Effects of different ways of using visualizations on high school students' electrochemistry conceptual understanding and motivation towards chemistry learning

The purpose of this study is to examine the effects of different ways to use visualizations on high school students' electrochemistry conceptual understanding and motivation towards chemistry learning. Expanding upon a model-based learning approach (Khan, 2007), we adopted a VGEM sequence (View, Generate, Evaluate, and Modify) to create three instructional conditions. All conditions involved the viewing, evaluating, and modifying phases, whereas there were variations in the generating phase: (1) finishing worksheets (V group), (2) generating drawings (VD group), and (3) generating animations (VA group). Three intact classes with 109 eleventh graders from a public high school were randomly assigned to the three groups. A test of conceptual understanding was used as the pretest, posttest, and delayed posttest to assess respectively initial understanding, changes, and retention of understanding up to 6 weeks later. A questionnaire to measure students' motivation to learn chemistry was administered before and after the instruction.
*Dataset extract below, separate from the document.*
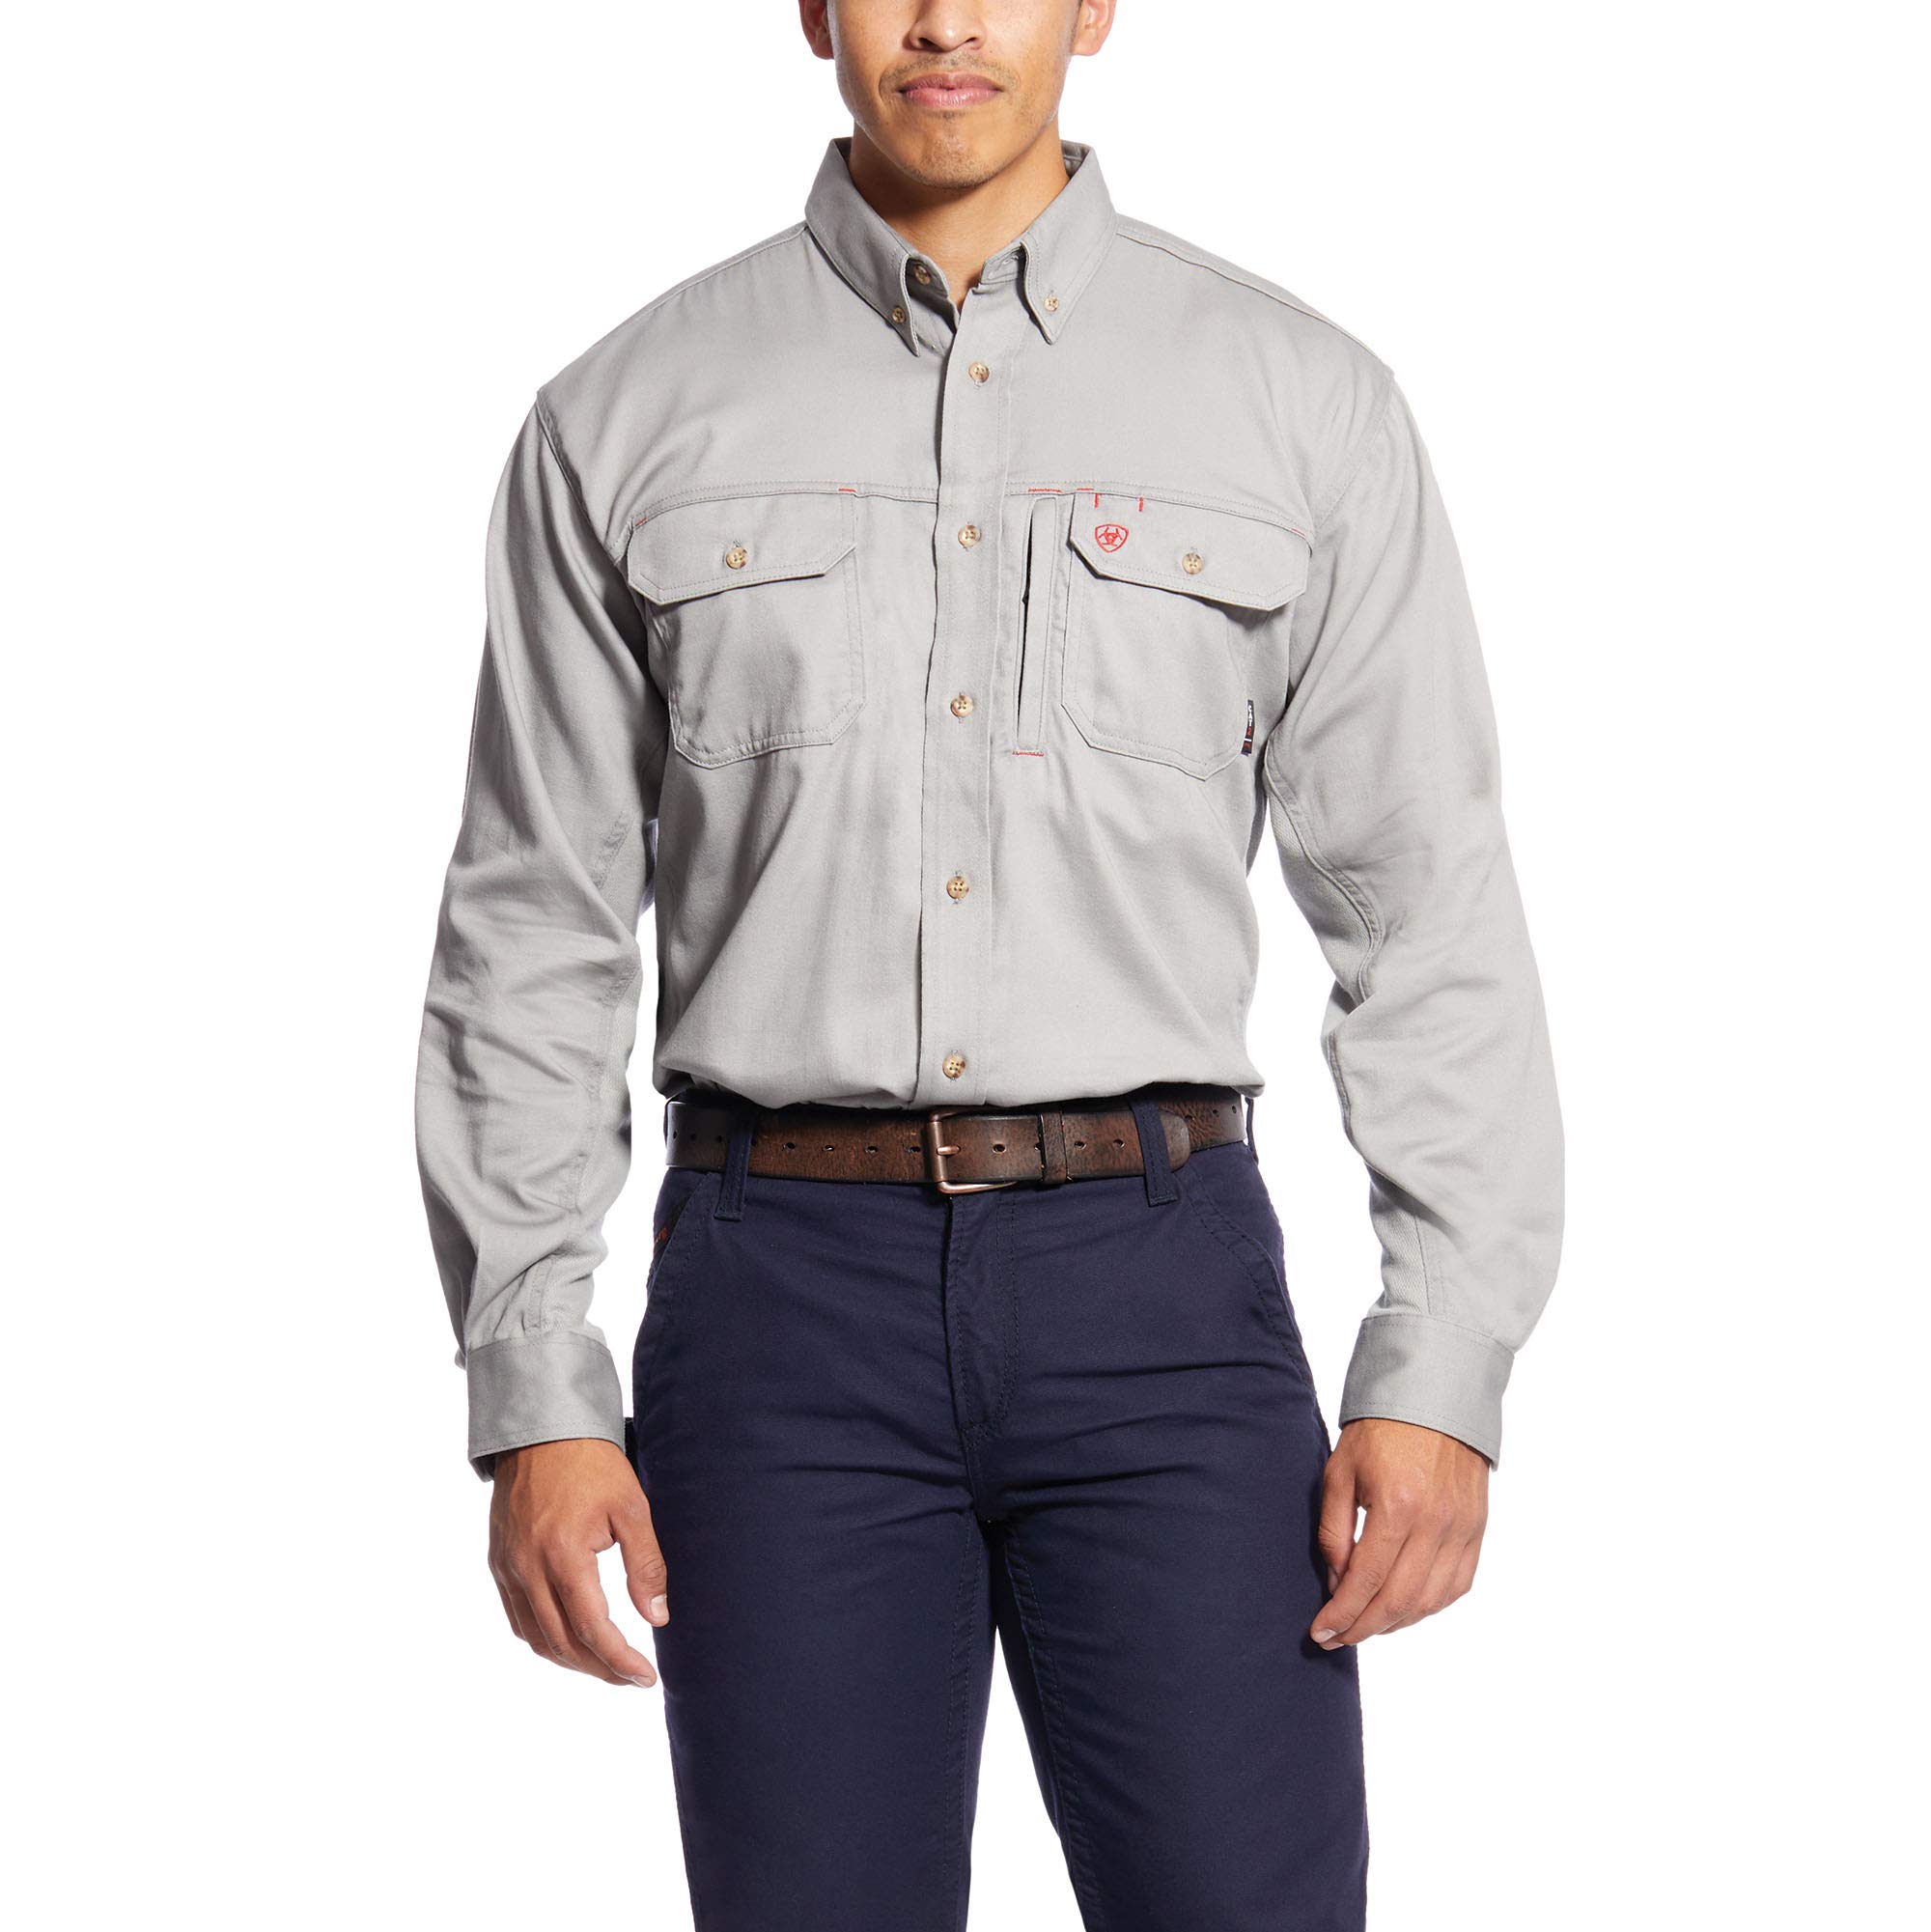 Ariat FR Solid Vent Work Shirt - Men’s Button-Down Long Sleeve Performance Shirt
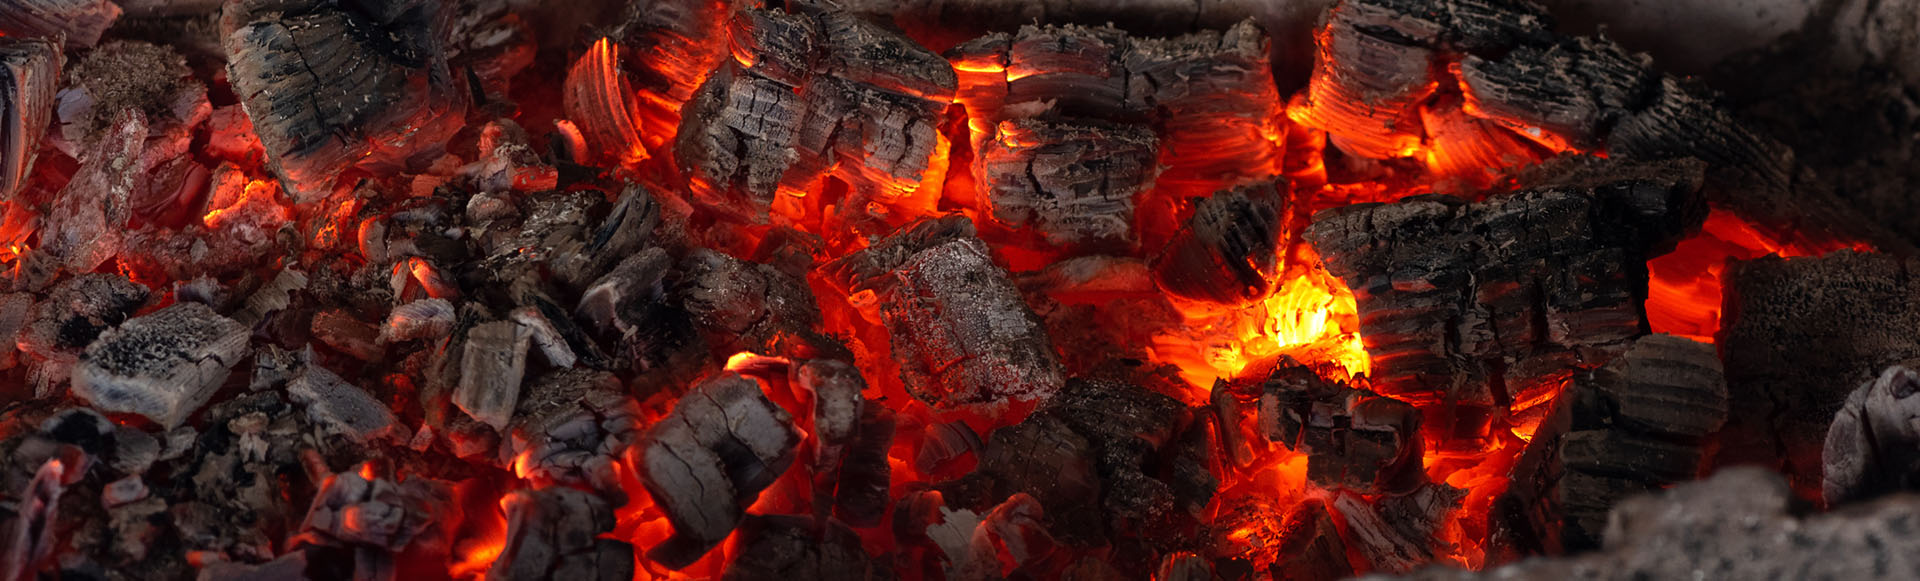 closeup of hot bbq coals

Statistical results of the within-group comparisons revealed that all three instructional conditions could support students to develop a significantly better conceptual understanding of electrochemistry and that in the three groups, students' understanding was retained after 6 weeks. Regarding the overall motivation before and after the instruction, only the VA group showed motivational benefits for chemistry learning. Furthermore, the between-group comparisons indicated no significant differences between the means of the three groups in the posttest and delayed posttest, and suggested that the three groups developed and retained a similar level of conceptual understanding after the instruction. Similarly, different uses of visualizations made no difference to students' chemistry learning motivation. This study advances the understanding of how to develop effective instructional activities with visualizations for chemistry learning, and suggests possible conceptual and motivational benefits of viewing and generating visualizations.